> Assigned task: From top to bottom, print the listing word for word and skip any pictures it contains.

> Data provided:
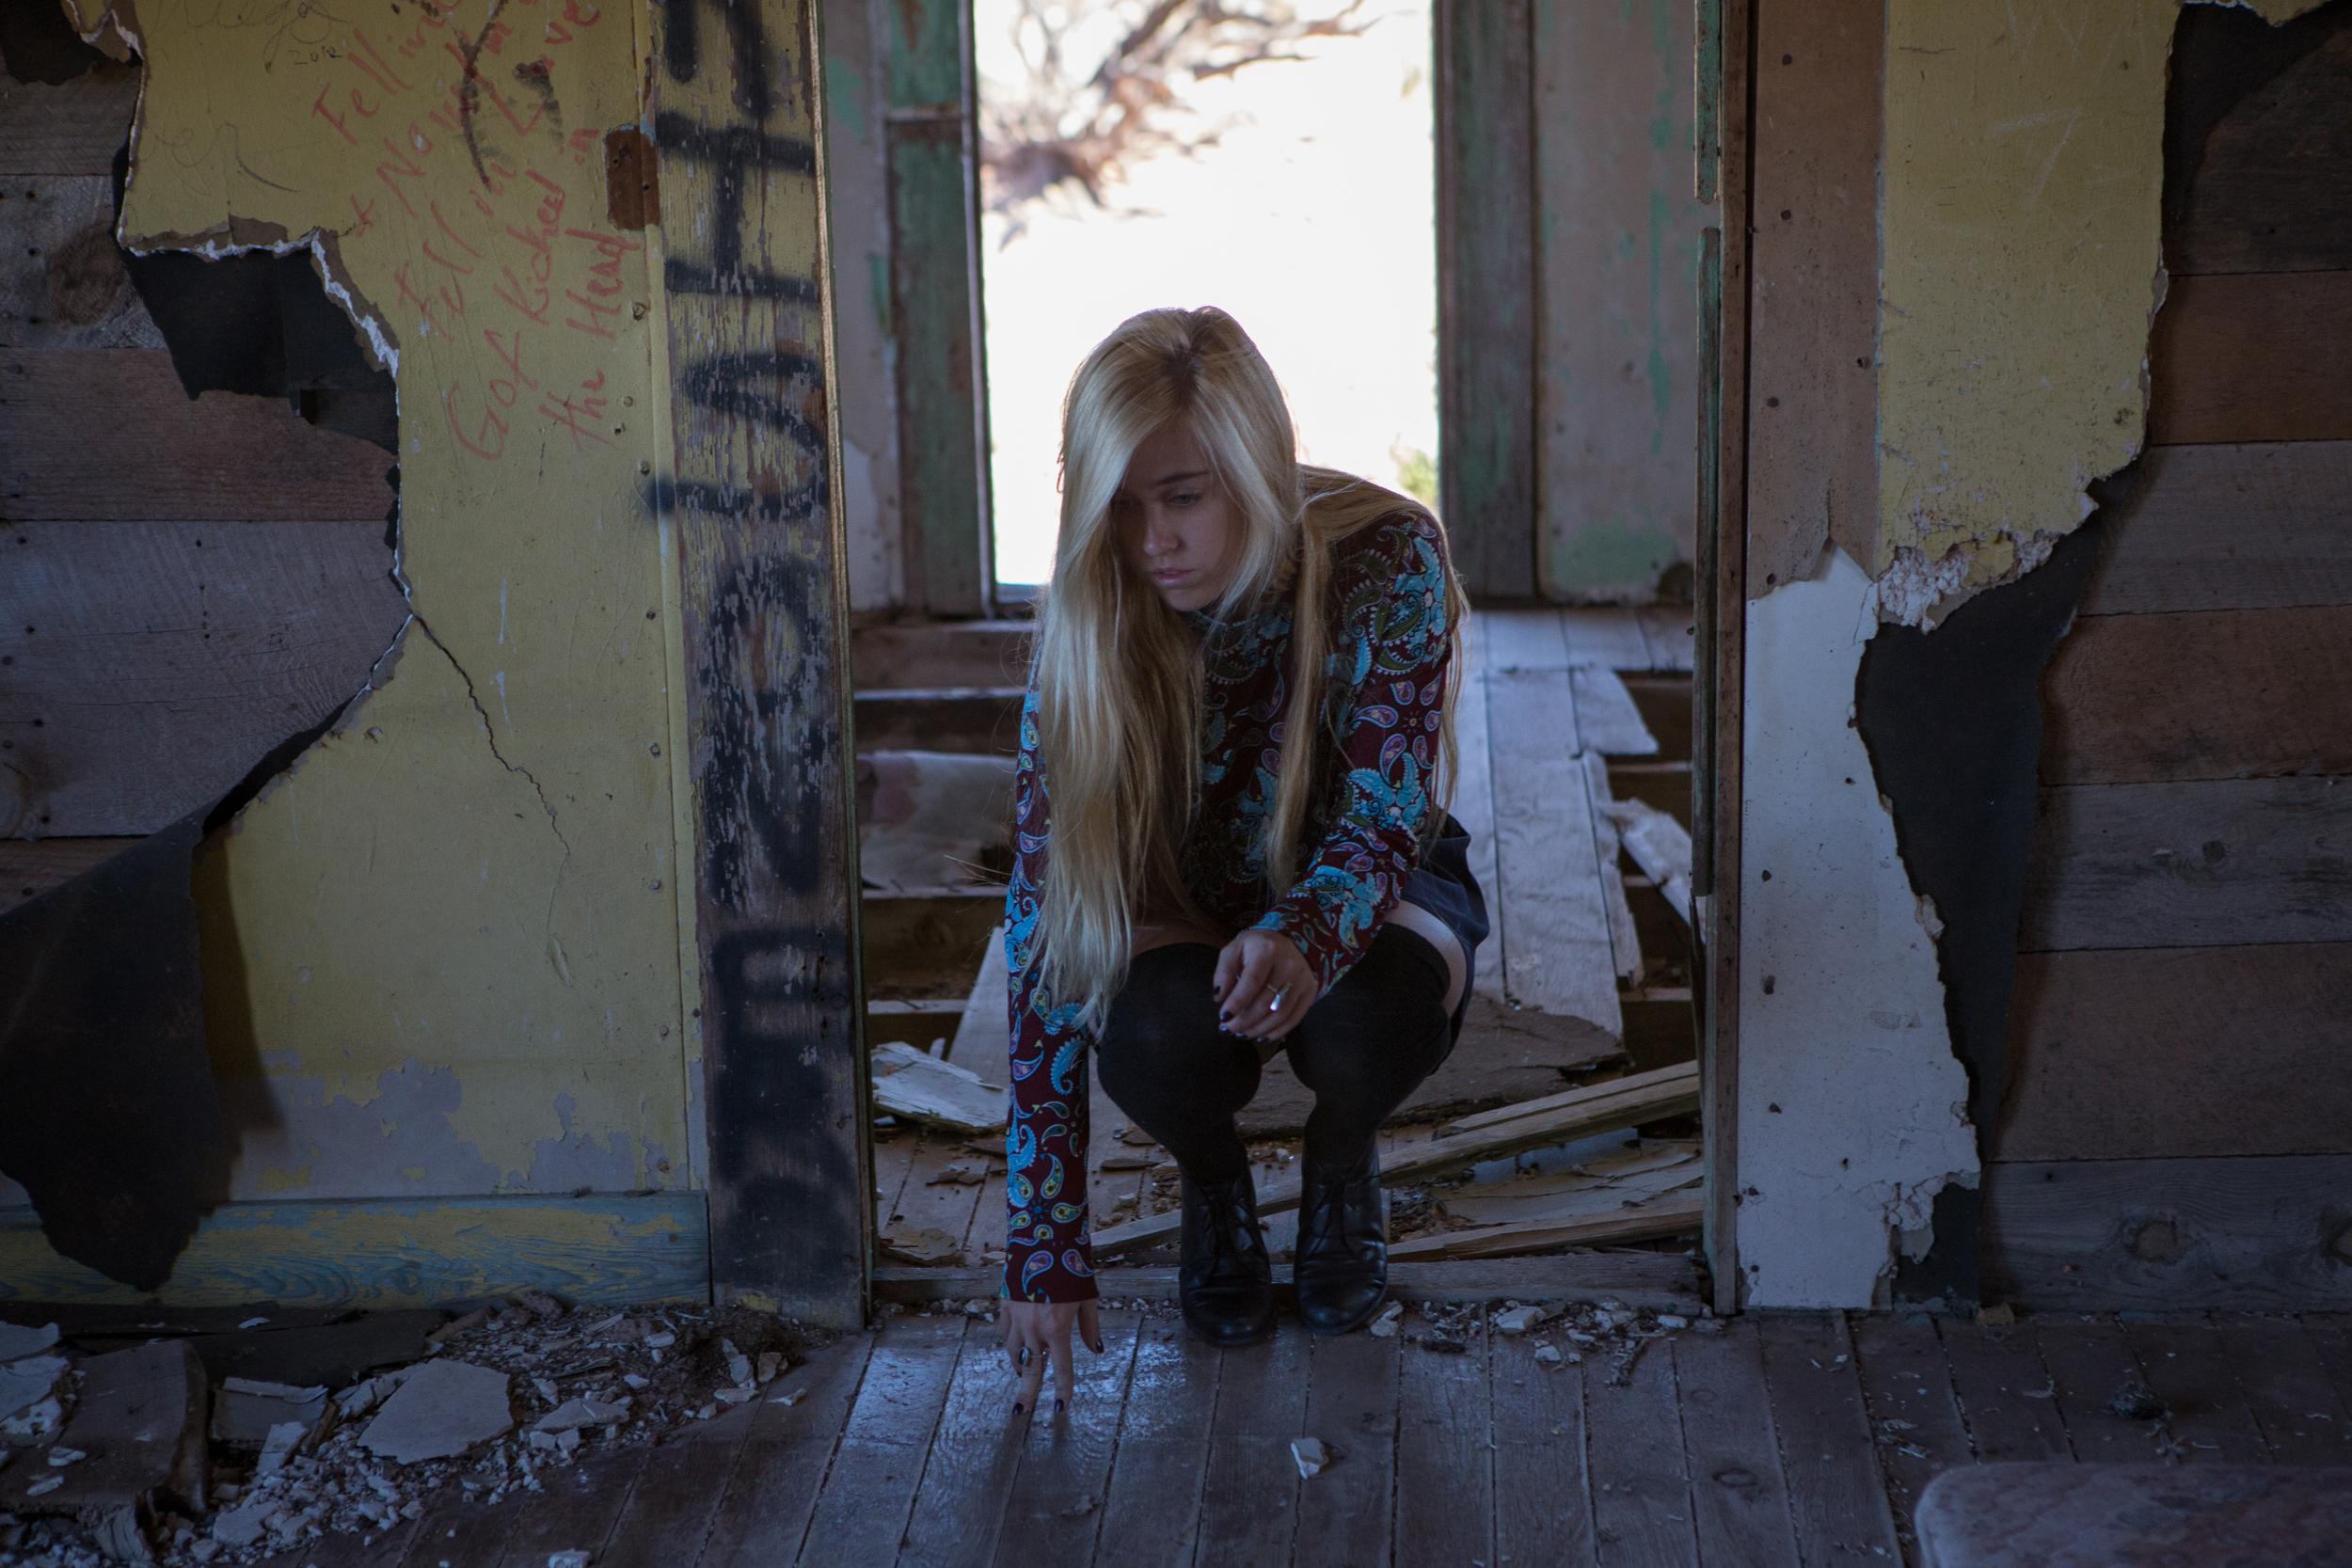 AstroBandit_Abandoned_Paisley_Fashion_Blogger_2.jpg
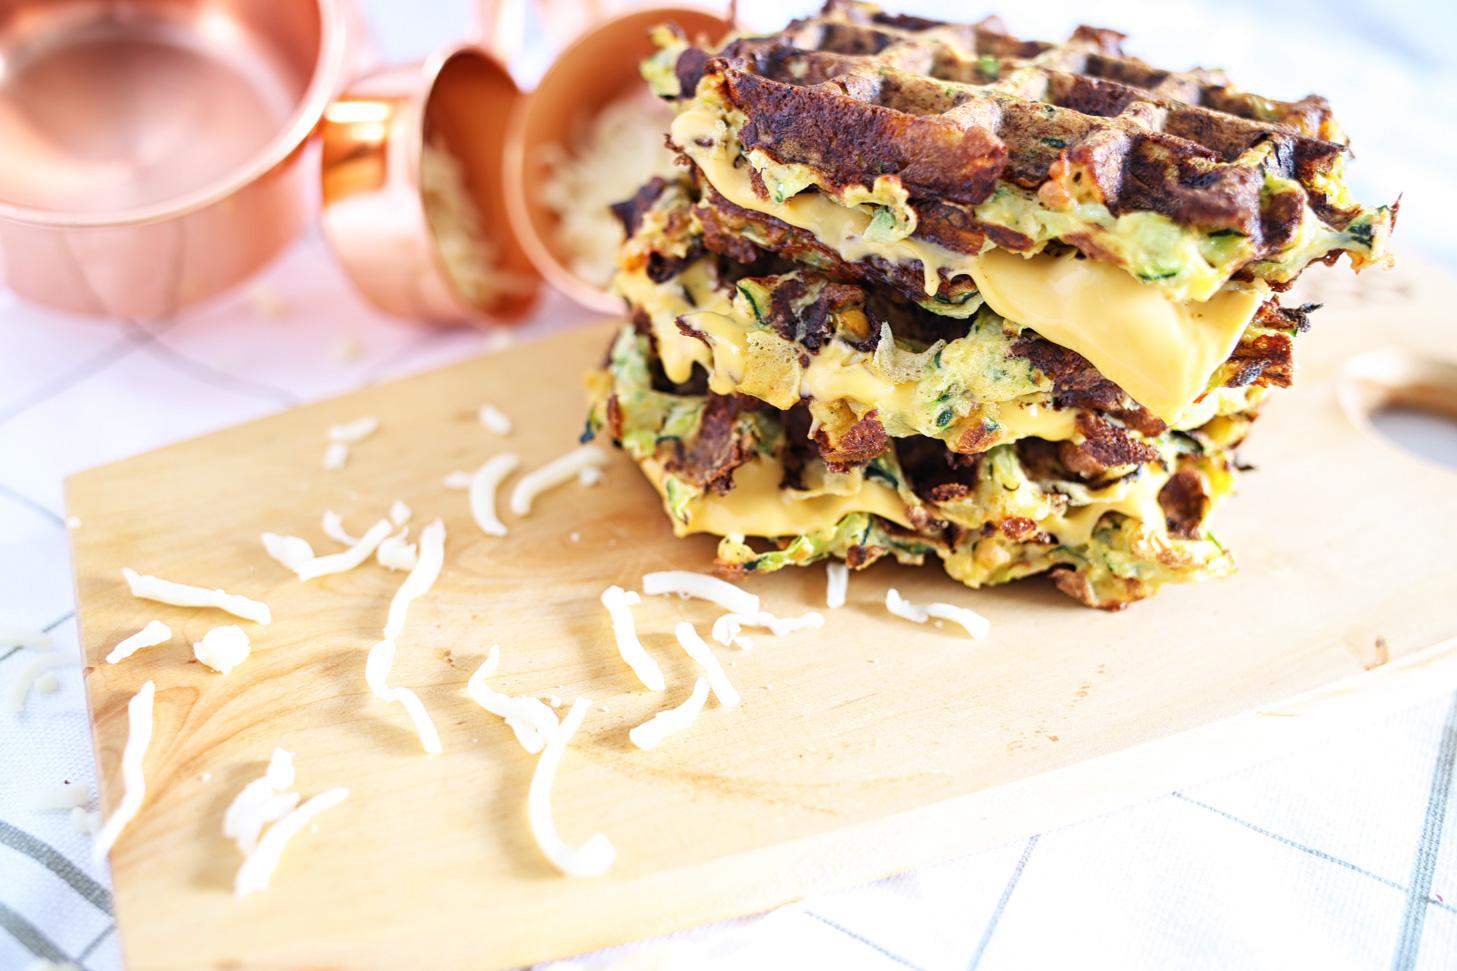 Zucchini-Käse-Sandwich-Waffel
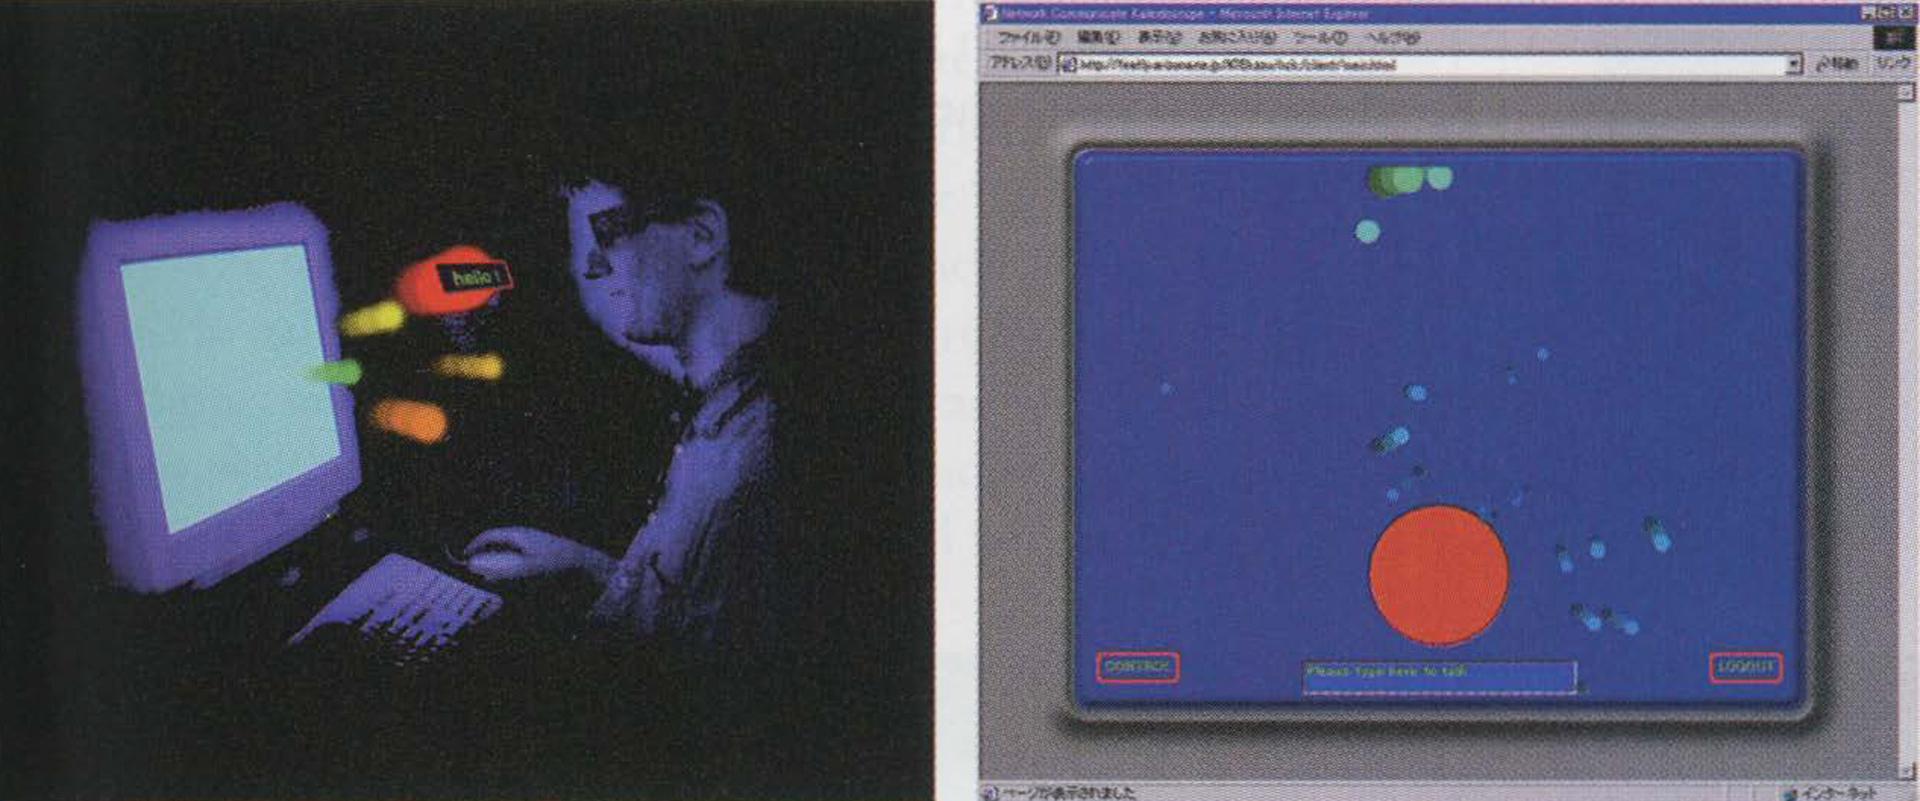 ©2001, Kazushi Mukaiyama, Network Communicate Kaleidoscope

> Problem solution:
 AstroBandit_Abandoned_Paisley_Fashion_Blogger_2.jpg
 Zucchini-Käse-Sandwich-Waffel
 ©2001, Kazushi Mukaiyama, Network Communicate Kaleidoscope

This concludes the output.